Instructions for the task
Begin at the line that holds "Red Gold Tomato Sauce; image 1 of 2" and retype every line through the end of the material, both included. Leave out the pictures.
(Source data Opens)
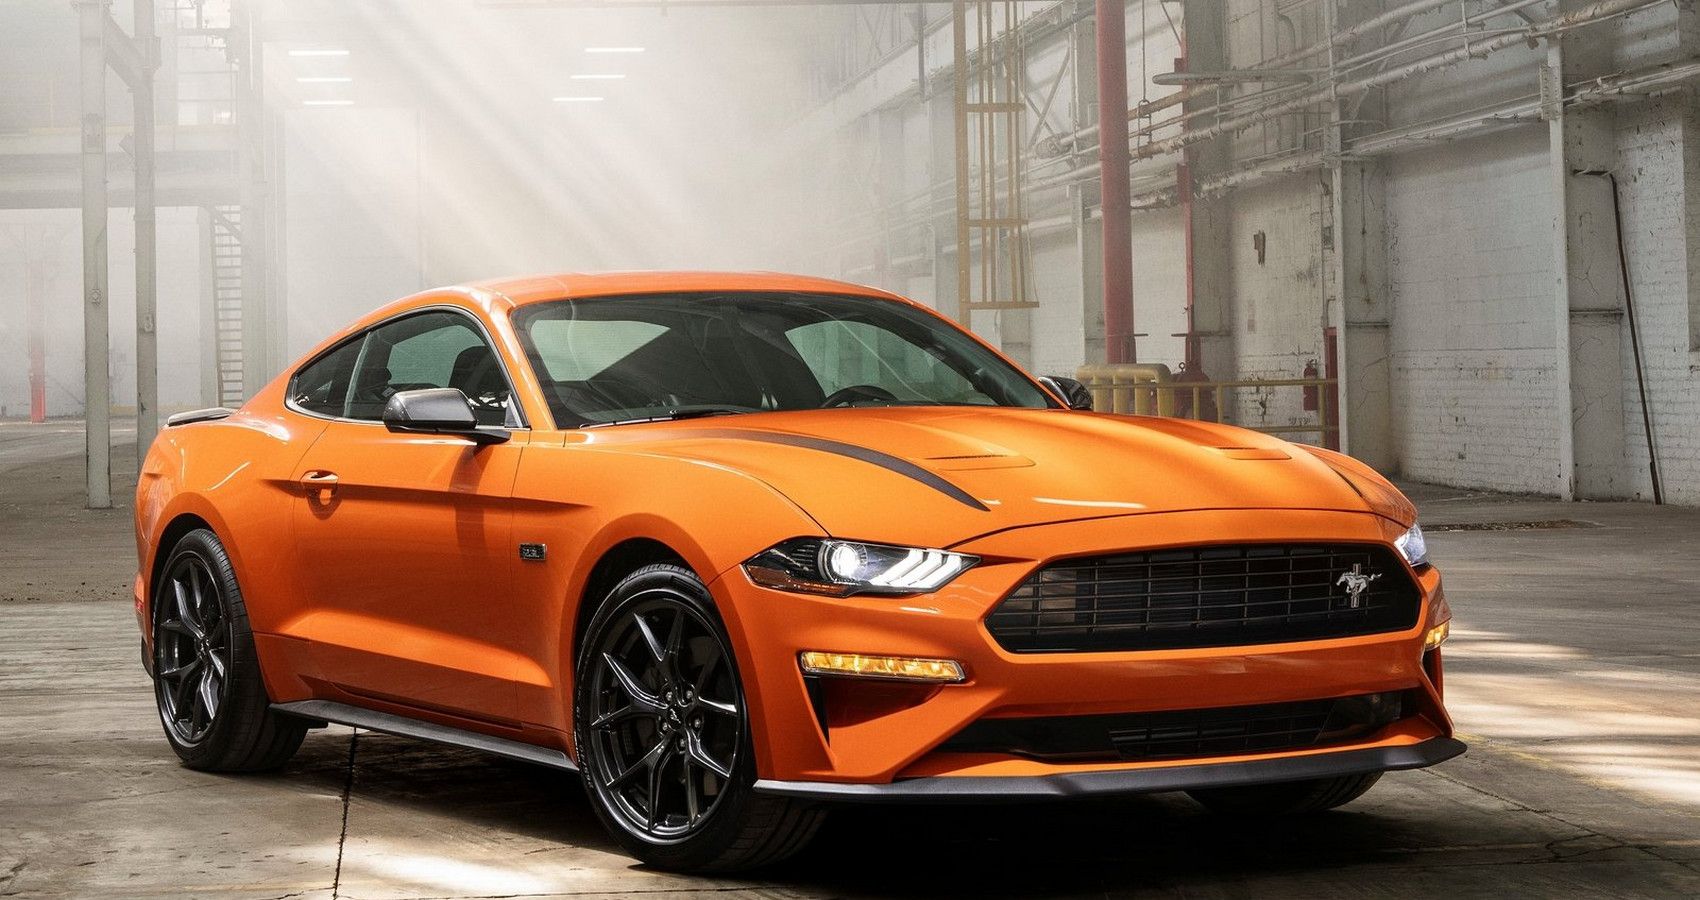 The 10 Most Common Problems With Ford Mustang Ownership
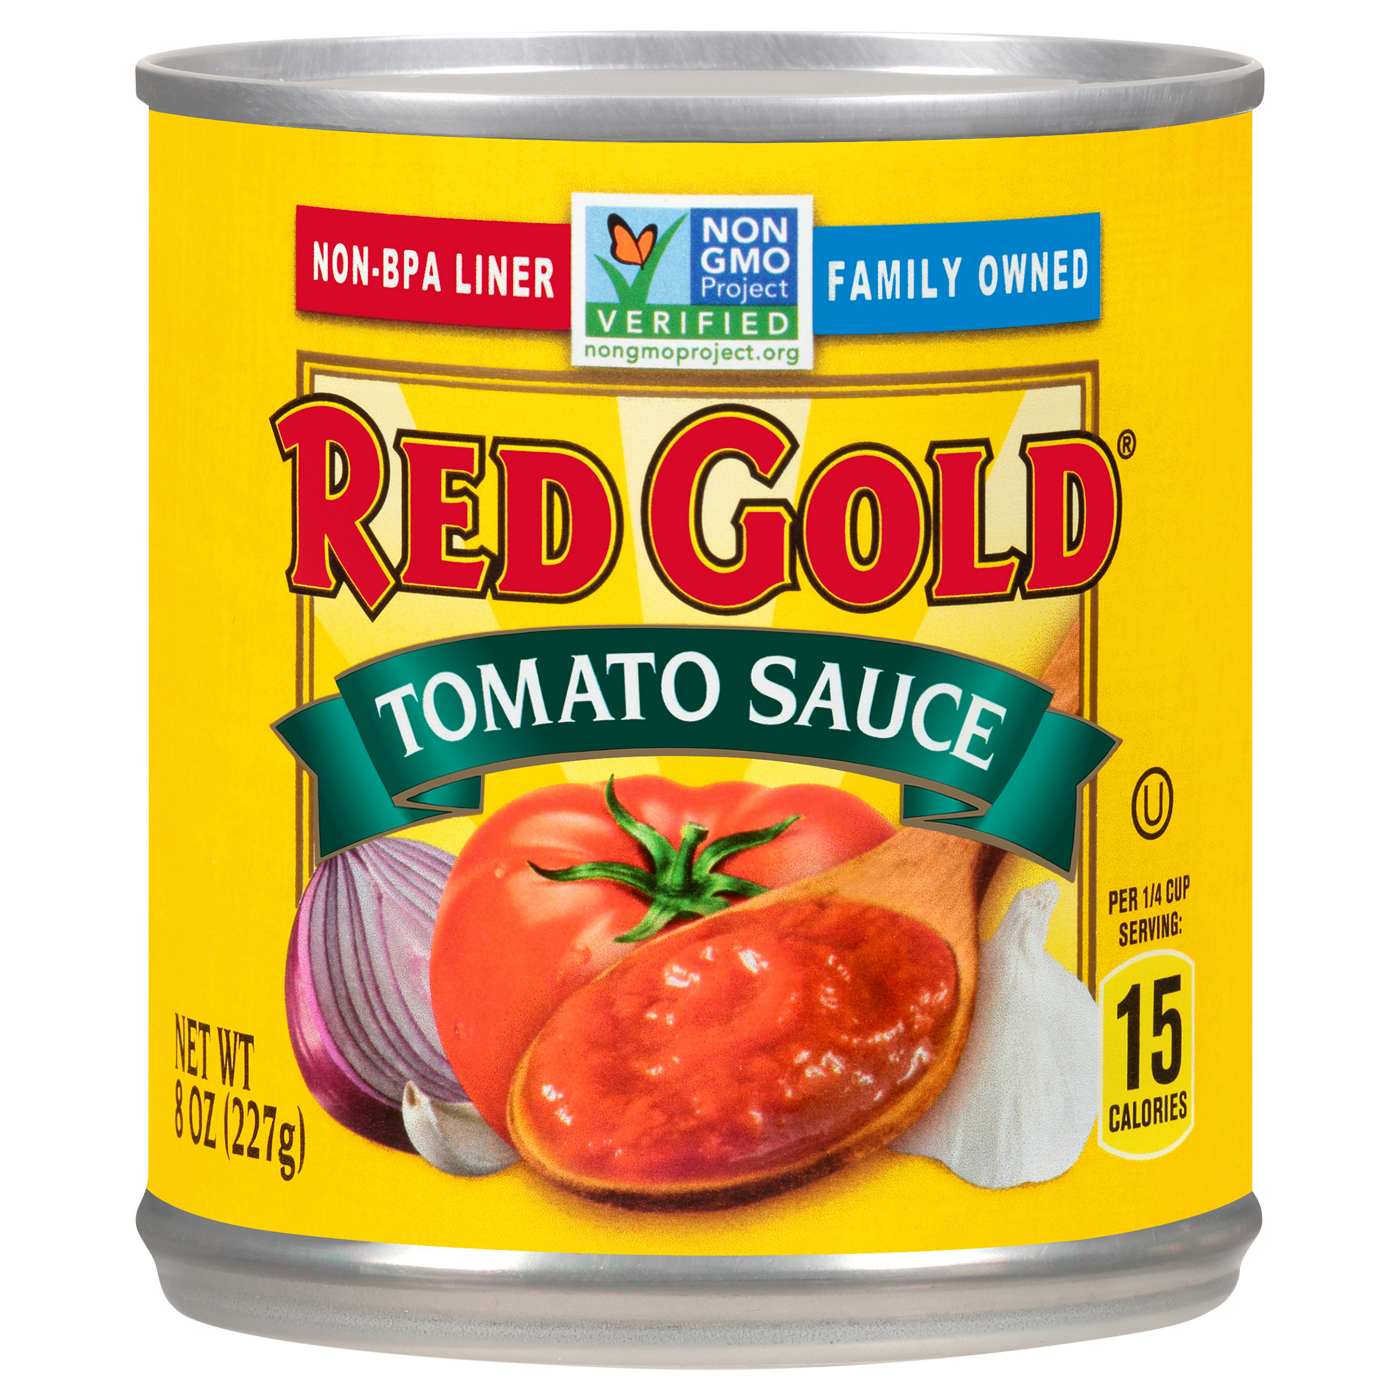 Red Gold Tomato Sauce; image 1 of 2
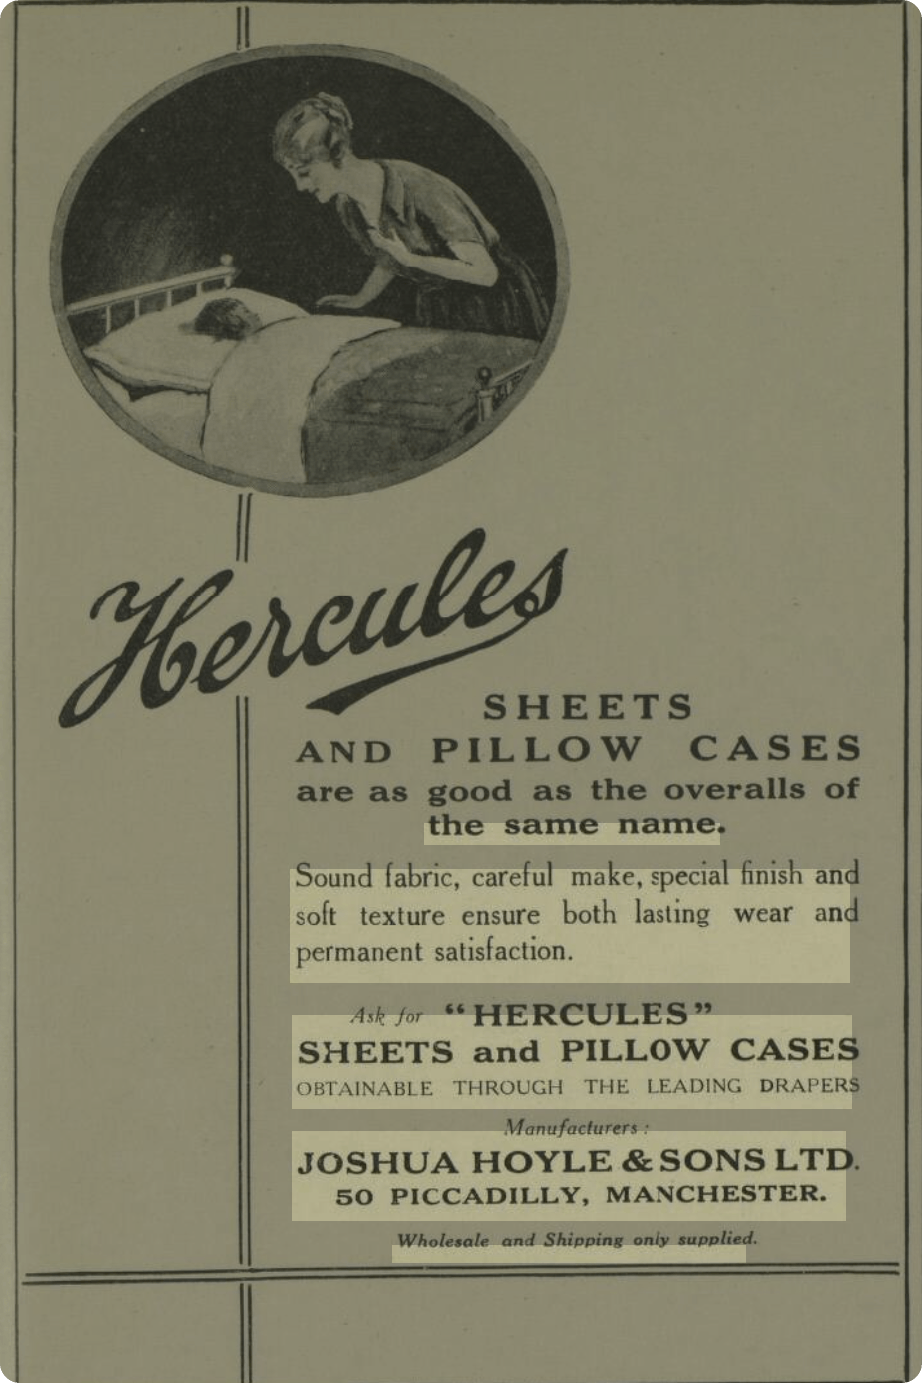 advert for pillowcases from 1925
(Source data Closes)
Solution to the problem
 Red Gold Tomato Sauce; image 1 of 2
 advert for pillowcases from 1925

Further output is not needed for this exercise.